Autre sujet d’inquiétude en ce début d’année. Je relisais un passage de l’œuvre de Michel Serres, l’Hominescence (je le cite souvent… c’est un philosophe éveillé à la réalité de notre époque)… « Certes, la médecine, critiquée, voire vilipendée, bref, une fois de plus à la croisée des chemins, paie tribut à ses victoires, aux microbes redevenus résistants, à la puissance financière des industries pharmaceutiques, à l’administration des hôpitaux, aussi lourde et imbécile que partout ailleurs. » p. 27. Entendons-nous bien ici, je parle de l’administration en général, non des administrateurs.

 

Des exemples : la petite fille de Charlevoix décédée sans avoir reçu les soins auxquels elle aurait dû avoir accès… et cela, suite à un cafouillis dans la gestion du dossier.
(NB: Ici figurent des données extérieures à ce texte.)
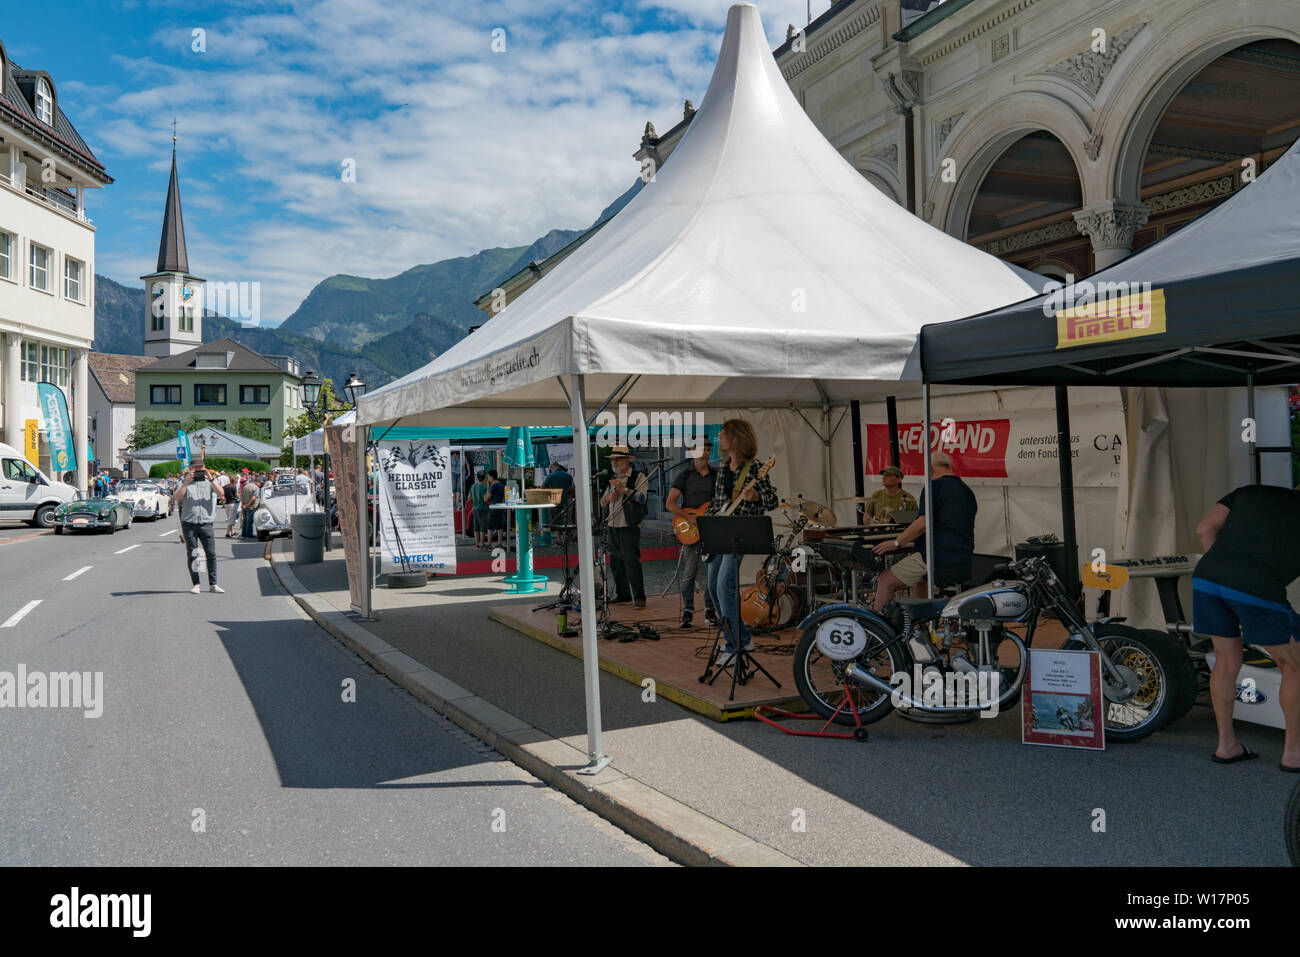 Bad Ragaz, SG / Suisse - 23 juin 2019 : les personnes bénéficiant de l'Heidi Salon de voitures et de divertissement avec rock band à l'Heidi Classic Banque D'Images

Autre situation qui me touche de plus près cette fois : ma mère (91 ans) a été hospitalisée pendant un long moment au Centre hospitalier régional du Grand-Portage… Malgré les soins extraordinaires que lui ont prodigués les infirmières et les médecins, son état ne semblait pas s’améliorer. Puis, un matin, on lui donne son congé d’une manière tout à fait cavalière… tellement que l’infirmière en fonction n’avait pas l’air d’y croire. Comme conséquence, dans l’après-midi même, on a dû  la conduire au CLSC et de là à l’Hôpital de Notre-Dame-du-Lac où elle a pu enfin récupérer.

 

Et voilà que resurgit le problème du déficit au Centre hospitalier. L’administration, devant un mur soi-disant incontournable,  décide d’appliquer ce que j’appelle la solution-pilate. On fait venir des spécialistes, comptables bien sûr… (dans l’administration publique, c’est une évidence, ce sont les comptables qui ont le gros bout du bâton et qui indiquent la route à suivre…). Ces derniers affirment qu’il faut couper des postes. L’administration accède à cette demande en exigeant des travailleurs qu’ils indiquent eux-mêmes où l’on doit couper. Donc l’administration se lave les mains d’une décision qui lui appartient : pas coupable… ce sont les comptables et les employéEs qui ont choisi. Et en plus on a le culot d’affirmer qu’en diminuant le personnel, on aura de meilleurs services qu’avant. C’est à n’y rien comprendre.

 

Et en éducation ?

 

Un petit détour maintenant du côté de l’éducation… Je serai bref : à examiner les décisions prises récemment par notre ministre de l’Éducation dans le dossier des prêts et bourses et dans celui des subventions au écoles privées, on est presque porté à se dire que ça ne prend pas une très grande dose de jugement pour occuper les postes de recteur d’université ou de ministre de l’éducation. Mais il y a pire dans cette affaire… On a pu constater le silence gêné et les formules feutrées que les journalistes de nos grands quotidiens ont utilisées pour dénoncer ces décisions ridicules. C’est la preuve que la concentration de la presse est bien au service d’une certaine classe sociale et ce n’est pas la classe moyenne, n’en déplaise à notre premier ministre bleu, blanc, rouge.

 

En terminant, non, il n’y a rien là pour se réjouir… ni pour afficher un optimisme délirant au début de cette nouvelle année. Mais il nous reste le droit à la vie, ce don merveilleux qui me semble inaliénable jusqu’à maintenant à moins que les penseurs « néolibéralistes » de l’Institut économique de Montréal décident qu’il faut le privatiser et le vendre au nom de l’économie et du profit.